And they have the gall and the arrogance to act smarter than everybody else when they are blazing a trail of destruction wherever they go.
And they wake up every day and they keep expanding the trail and digging it even deeper.
Back after this.
Okay, we're going to go to the phones here, folks.
People, as always, lined up since before the program began.
Did you get rid of that idiot that wanted to tell me snurdily that Elena Kagan is more open-minded than Bork?
All right, good.
John in Los Angeles.
Well, it makes sense to start with somebody from L.A. Welcome to the program, sir.
Oh, thank you very much.
Glad to get through finally.
I don't know if you know this, but the things that you're talking about are absolutely true about Los Angeles.
I'm born and raised here, lived here all my life since 66.

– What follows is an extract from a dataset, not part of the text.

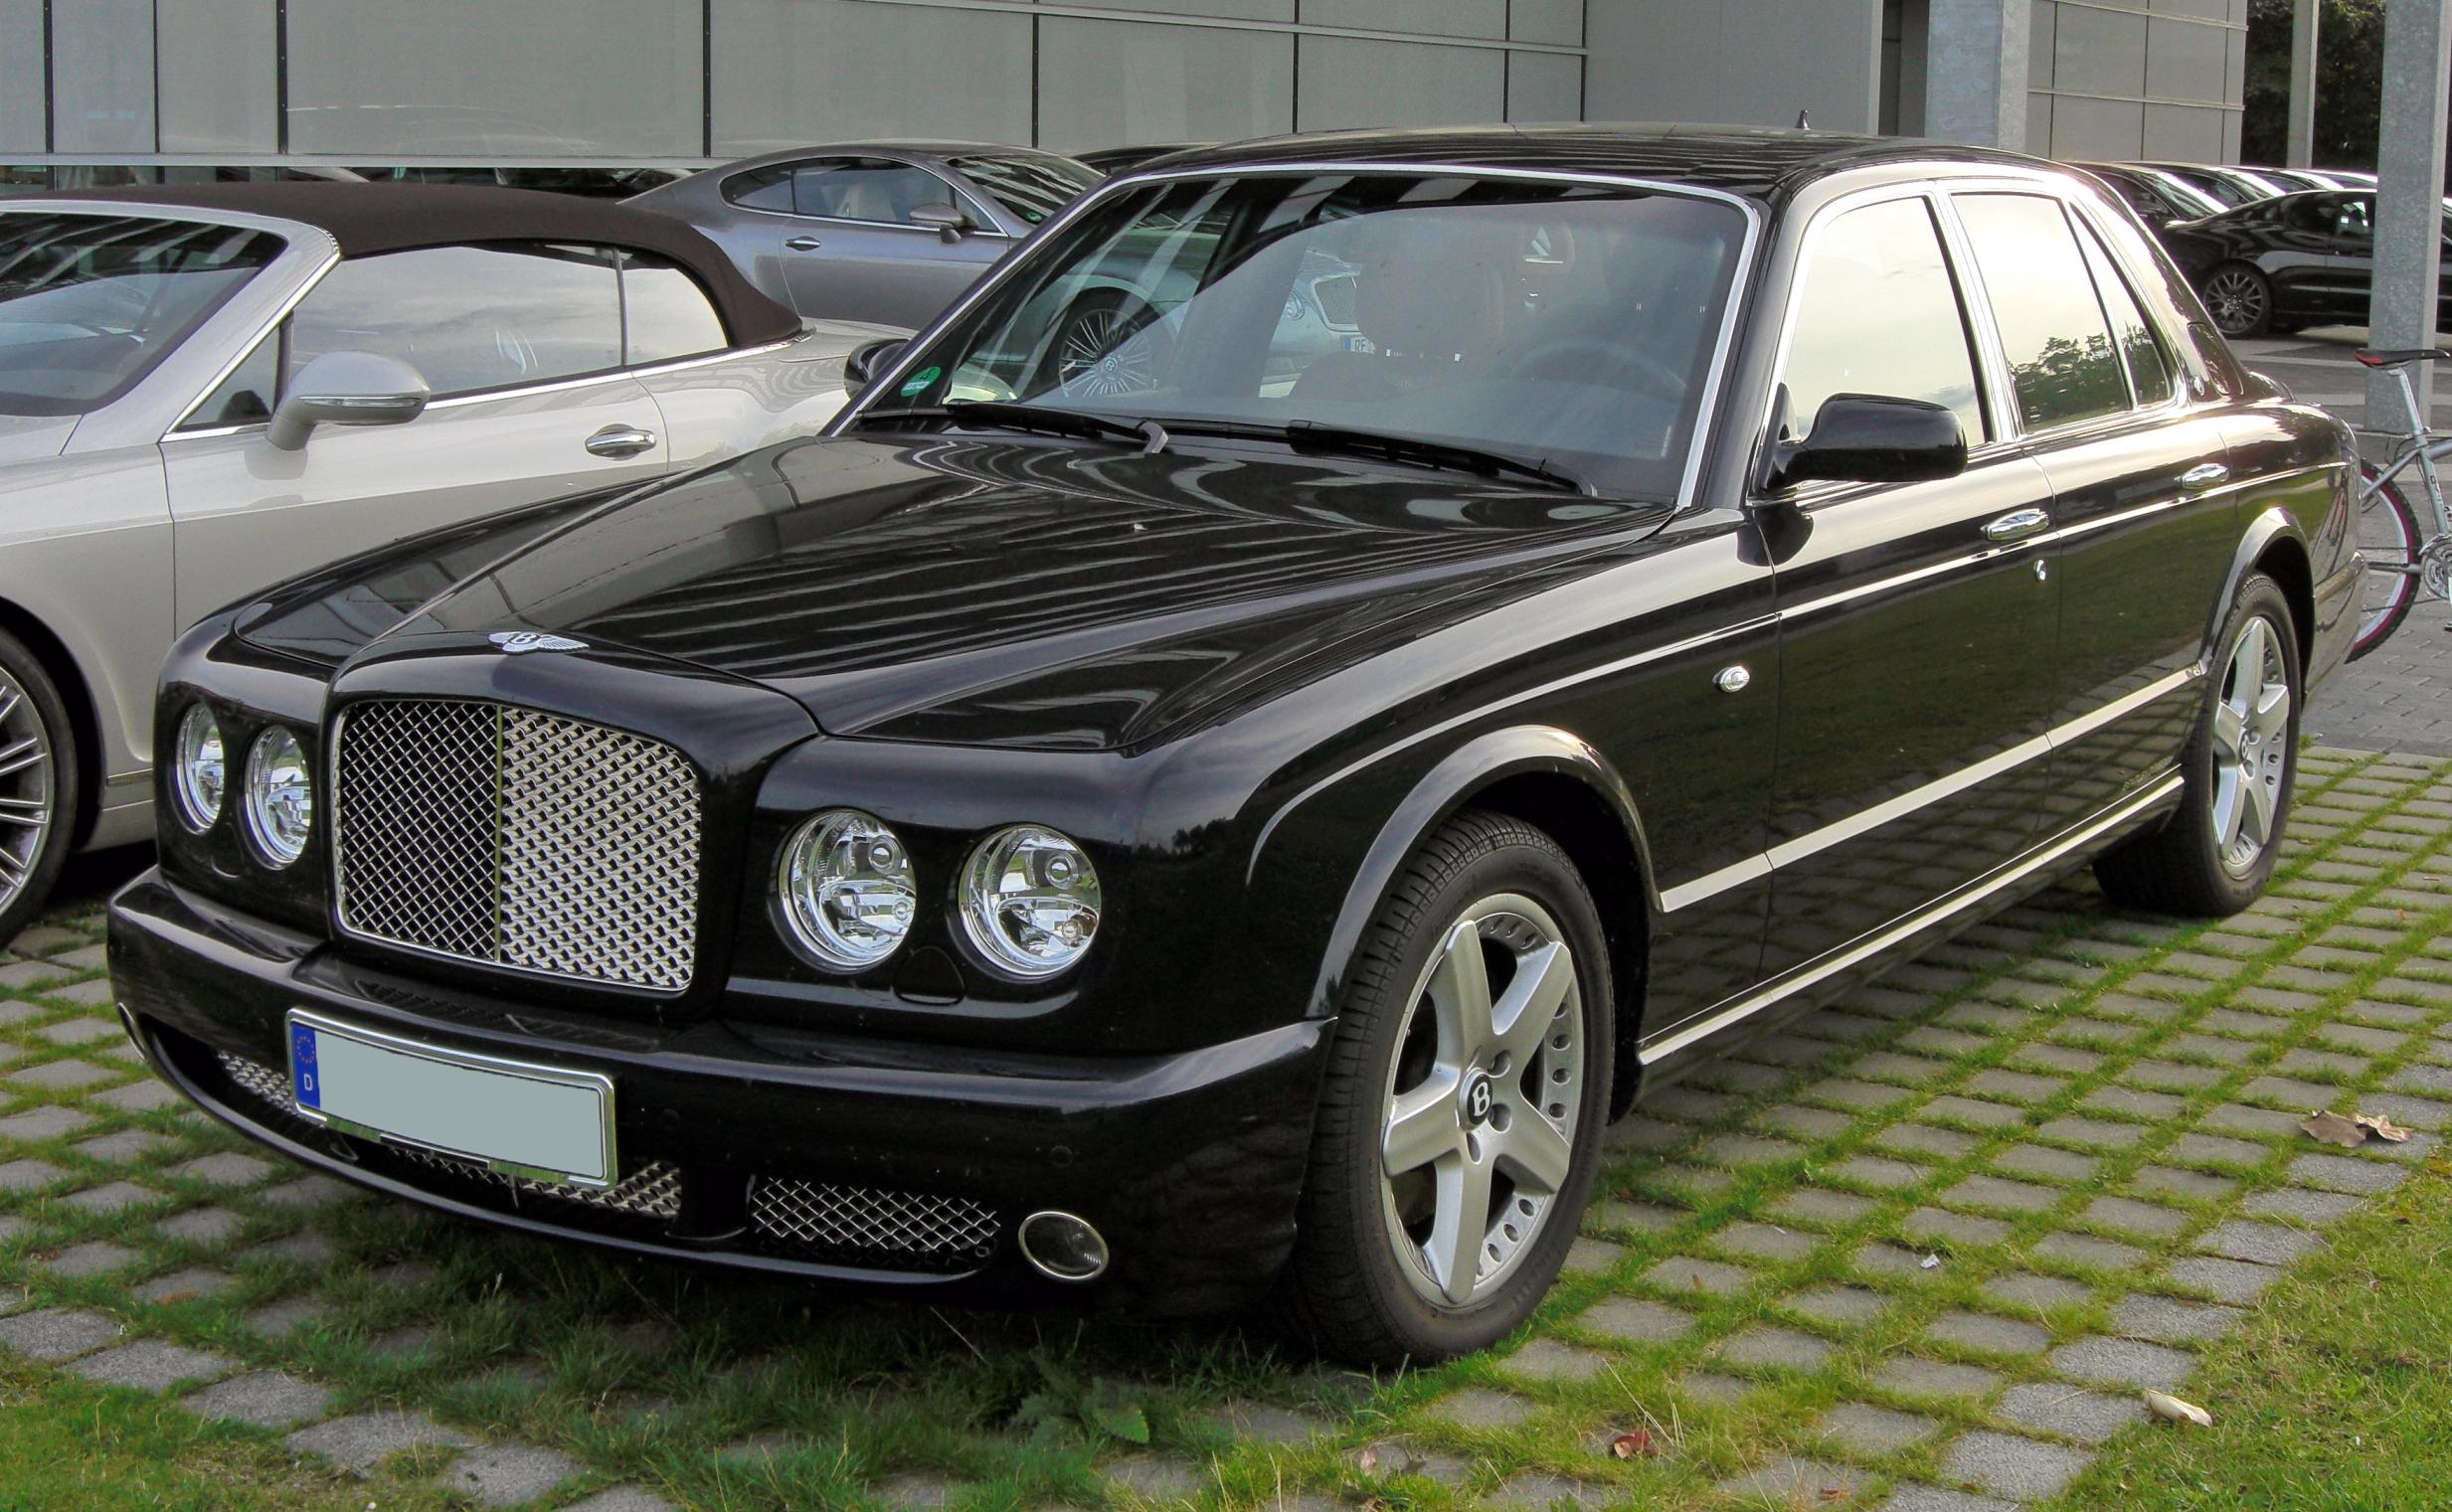 Bentley Arnage Backgrounds, Compatible - PC, Mobile, Gadgets| 2466x1521 px

And the programs, the things that they've implemented, not only in Los Angeles, but at the legislature in Sacramento, we now have 12.5 million people in Los Angeles.
Only 35% pay taxes.
I mean, I'm sorry, 12.5 million people, LA and L.A. County.
Only 35% pay taxes.
And you wonder why we're in a fiscal mess.
You know, they have these welfare programs for every social service you can think of.
And all the jobs are moving to the city sector.
And the private companies have gone.
I mean, I've seen the Toyota plants close.
I've seen Lieber Brothers close.
I've seen so many industrial plants close.
The Chevy plants have closed that the only thing left is the service sector and the city jobs.
And that's predominantly why I think that we're in the financial mess that we're in.
I've been out to LA a lot.
The country clubs are still open.
Yeah, I mean, for the Hollywood types, but for everybody else, I mean, you know, you look at the mortgage meltdown and everything that's going here, and we try to sell you on the dream that you can still acquire what the Paris Hiltons have.
But guess what?
You've seen what's happening now.
We have probably the second or the first largest foreclosure rate in the country.
The taxes are horrendous.
They can't touch property taxes, but they're going after that.
Sales tax is at 10%.
I mean, my parents didn't even used to pay any state tax back in the 60s and the 50s and all that good stuff.
And here we are paying the highest taxes in the nation, and now we've just become the largest welfare state in the nation.
Yeah, you know, what you're describing here is just like in socialist countries everywhere, there's no middle class anymore.
You have the very poor and the very rich.
The bourgeoisie have been cut off.
They don't exist.
Rush, and you're going to laugh at this.
Do you want to know what California considers a rich person as far as when it comes to taxing?
If you make income of over $47,000 a year in California, which is the highest, probably the second or the first highest place to live when it comes to the cost of living, that if you make $48,000 a year or more, you're considered an upper echelon person.
Me and my wife make over $100,000 together, and we barely scrape by just on the cost of food, the cost of gas, the cost of insurance, the cost of everything.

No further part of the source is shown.